There is also evidence suggesting that POP might be hereditary. A study by Jack et al. [5] showed that the risk of POP is 5-fold higher in siblings of women with advanced disease. Analysis of monozygotic and dizygotic twins indicates that both genetic and environmental risk factors contribute to the etiology of POP and stress urinary incontinence (SUI) [6]. Dietz et al. [7], in a study of nulliparous young women, demonstrated the heritability of bladder neck mobility. Molecular mechanisms behind the aforementioned findings remain unknown, but may involve single nucleotide polymorphisms (SNPs) in the regulatory areas of the genes encoding proteins relevant to connective tissue function. These polymorphisms change patterns of collagens and MMPs genes expression. Some of the SNPs in genes encoding ECM proteins are associated with bone brittleness [8], heart conditions [9] or cancer susceptibility [10]. The development of SUI, which shares many risk factors with POP, is also associated with SNP in the gene encoding α-1 chain of type I collagen [11].

Genes encoding collagen-degrading enzymes—matrix metalloproteinase type 1 (collagenase-1) and matrix metalloproteinase type 3 (stromelysin)—are located on the long arm of chromosome 11 [12]. SNP due to the insertion of the extra guanine (G) base at position −1607/−1608 upstream from the start of transcription creates a binding site for Ets family transcription factors. The binding of Ets to the DNA strand upregulates MMP-1 transcription and possibly increases the tissue activity of this enzyme.

The main substrates for MMP-3 are collagens type II, III, and IV [13]. However, the substrate specificity of MMP-3 encompasses several other collagens, fibronectin, gelatin, and elastin [14]. Another important feature of the MMP-3 is the ability to activate other members of the MMP family [15]. The insertion of the adenosine (A) base in the promoter of the MMP-3 gene, at position −1612/−1617 upstream from the start of transcription, creates a polymonomeric run of six adenosines (6A allele), while the other variant has five adenosines (5A allele). The presence of the 6A allele enables binding of the repressor ZBP-89 that downregulates the expression of the MMP-3 gene [16]. We hypothesized that modifications of ECM metabolism caused by polymorphisms of the MMP genes could contribute to the development of POP. Therefore, the aim of the study was to estimate the associations between the SNP at position −1607/−1608 of the MMP-1 gene and the SNP at position −1612/−1617 of the MMP-3 gene, and between the combinations of the genotypes created by the above-mentioned SNPs and the risk of pelvic organ prolapse.

Materials and methods

The study was approved by the Institutional Ethics Committee. All patients gave their informed consent. Recruitment took place from 2007 to 2008. All patients were referred from outpatient settings and were asked to participate in this study after admission.

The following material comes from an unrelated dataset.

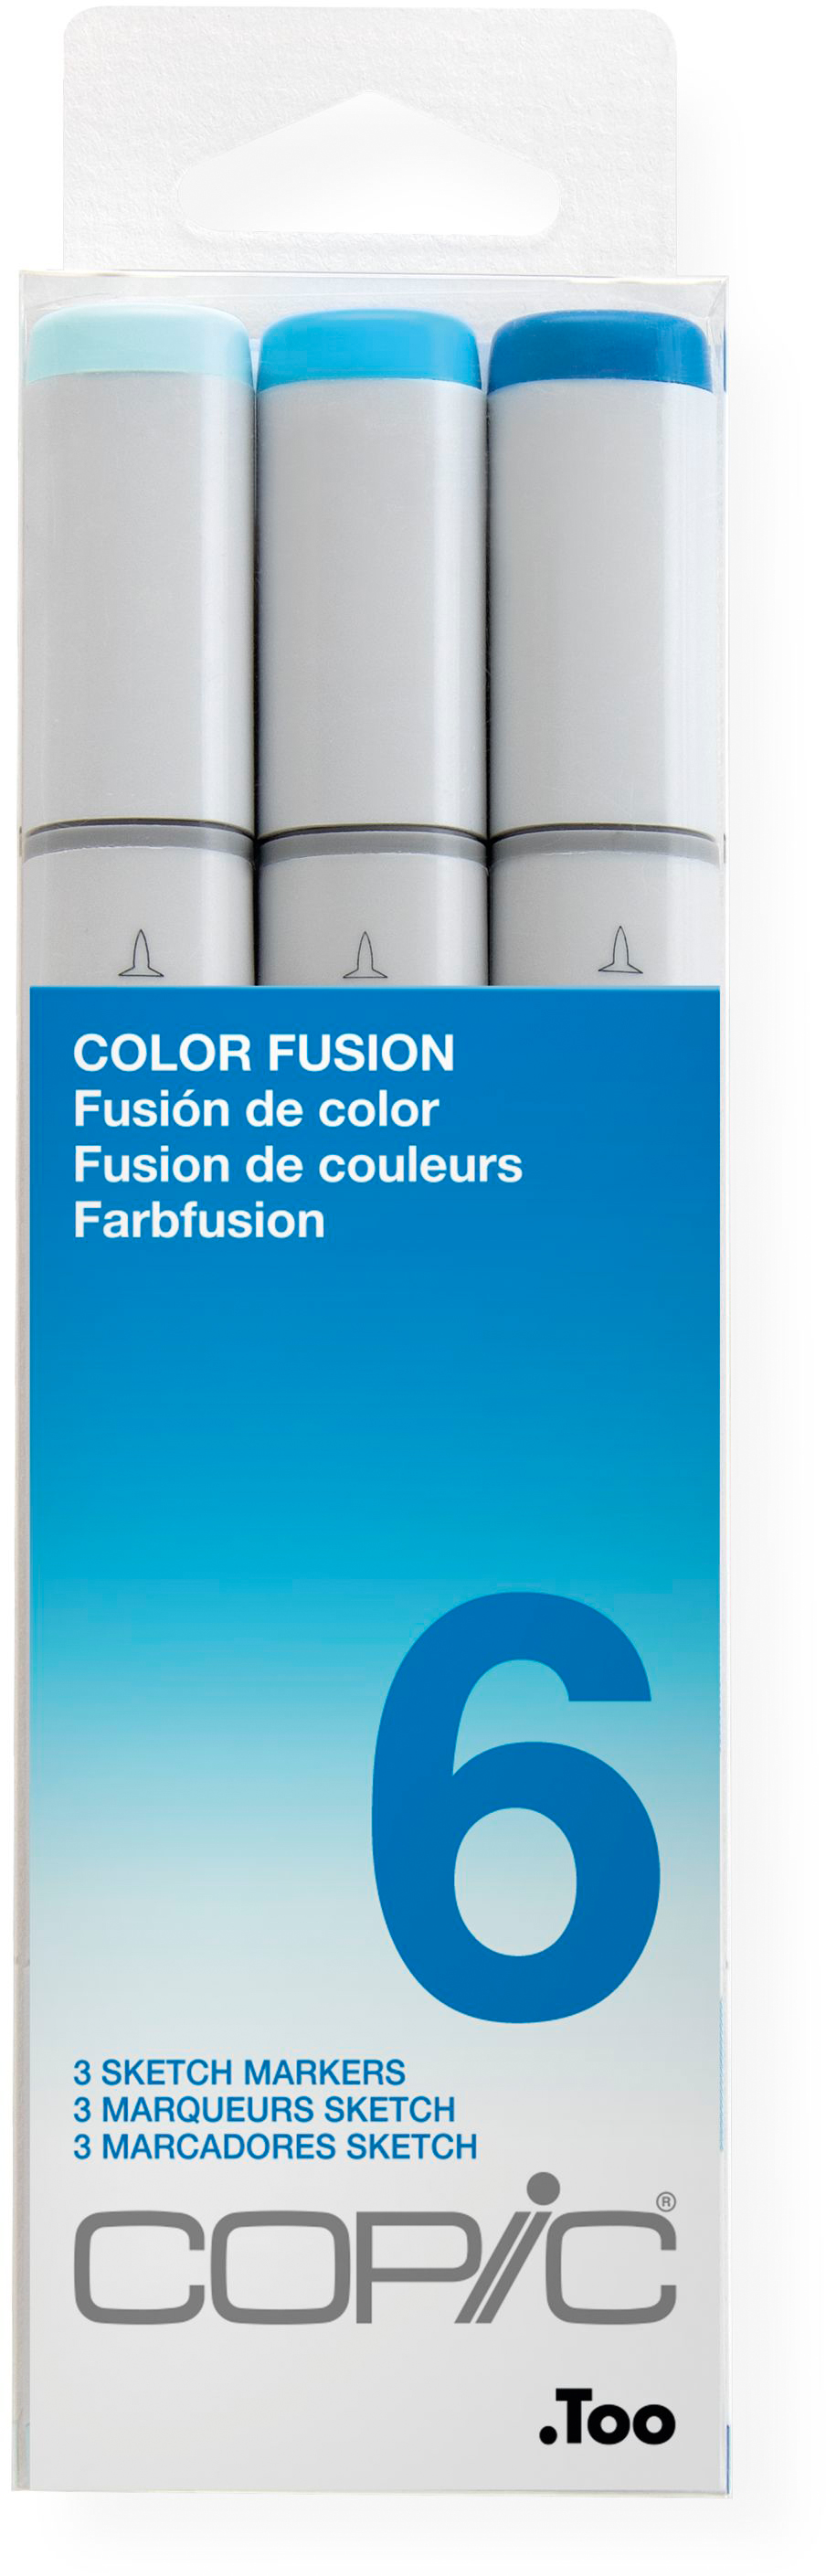 COPIC Marker Sketch 21075656 Set Color Fusion 6, 3 pcs.

One hundred and thirty-three women with symptomatic pelvic organ prolapse (grades II, III, and IV; POPQ) were included into the study group [17]. These patients were subjected to pelvic floor repair procedures. Anterior and posterior vaginal wall defects were treated by the insertion of anterior mesh implant or posterior mesh implant, respectively. For combined anterior/posterior defects anterior and posterior implants were placed during a single surgical procedure. Besides mesh surgery some patients required colpoperineoplasty for the perineal body reinforcement.

The control group consisted of 132 women without significant POP (grades 0, I; POPQ). The vast majority of these patients were admitted with uterine myomas and subsequently underwent total abdominal hysterectomy or supracervical abdominal hysterectomy. The rest of the control group consisted of patients with dysfunctional uterine bleeding (DUB). They were subjected to endometrial biopsy or in a few cases to dilatation and curettage. All subjects in the study and the control group were assessed with the same diagnostic work-up that included measurement of the vital signs, body weight and height for BMI calculation, physical examination with assessment of POP, bimanual gynecological examination, and routine pre-operative laboratory tests. Patients with connective tissue and autoimmune diseases, joint and bone diseases, cancer, chronic inflammation (e.g., Crohn’s disease, ulcerative colitis) or any serious or life-threatening conditions were excluded from the study.

Laboratory procedures

Blood samples were taken prior to surgery into tubes containing anticoagulant EDTA. Genomic DNA was extracted from whole-blood leukocytes using a commercially available kit (GenomicPrep Blood DNA Isolation Kit, Amersham Biosciences, USA). DNA was stored at −20°C until used. Determination of MMP-1 and MMP-3 polymorphisms was carried out using polymerase chain reaction (PCR) and restriction fragments length polymorphism (RFLP) analysis.

MMP-1 polymorphism

Polymerase chain reaction was performed (Biometra T personal Thermocycler, Whatman Biometra, Germany) using 40 ng of DNA per reaction. For amplification, the Taq DNA polymerase (Promega, Madison, WI, USA) and commercially obtained oligonucleotide primers; 5′-TGACTTTTAAAACATAGTCTATGTTCA′ (forward) and 5′-TCTTGGATTGATTTGAGATAAGTCATAGC-3′ (reverse) were used. The 40 amplification cycles were preceded by denaturation at 99°C for 7 min. Annealing was carried out at 52°C for 30 s, elongation at 72°C for 45 s, and denaturation 94°C for 30 s. A final primer extension was carried out at 72°C for 5 min. Reverse primer was designed to introduce restriction site for the enzyme AluI (AGCT) by replacing T with a G at the second position close to 3′ end of the reverse primer [18]. The final recognition of the MMP-1 polymorphism was based on analysis of RFLP. PCR products (10 μl) were digested with AluI (Fermentas) (10 U, 37°C, 16 h), separated on 3% agarose gel, and stained with ethidium bromide (Fig. 1).

Fig. 1
figure 1

Analysis of MMP-1 1G/2G polymorphism. Polymerase chain reaction (PCR) products were digested with AluI restriction endonuclease and separated on 3% agarose gel. The ethidium bromide-stained gel was visualized using UV transillumination. A single band of 269 bp corresponds to 2G/2G homozygote, two bands of 241 and 28 bp to 1G/1G homozygote, and three bands of 269, 241, and 28 bp to heterozygote 1G/2G (the smallest band [28 bp] is not visible)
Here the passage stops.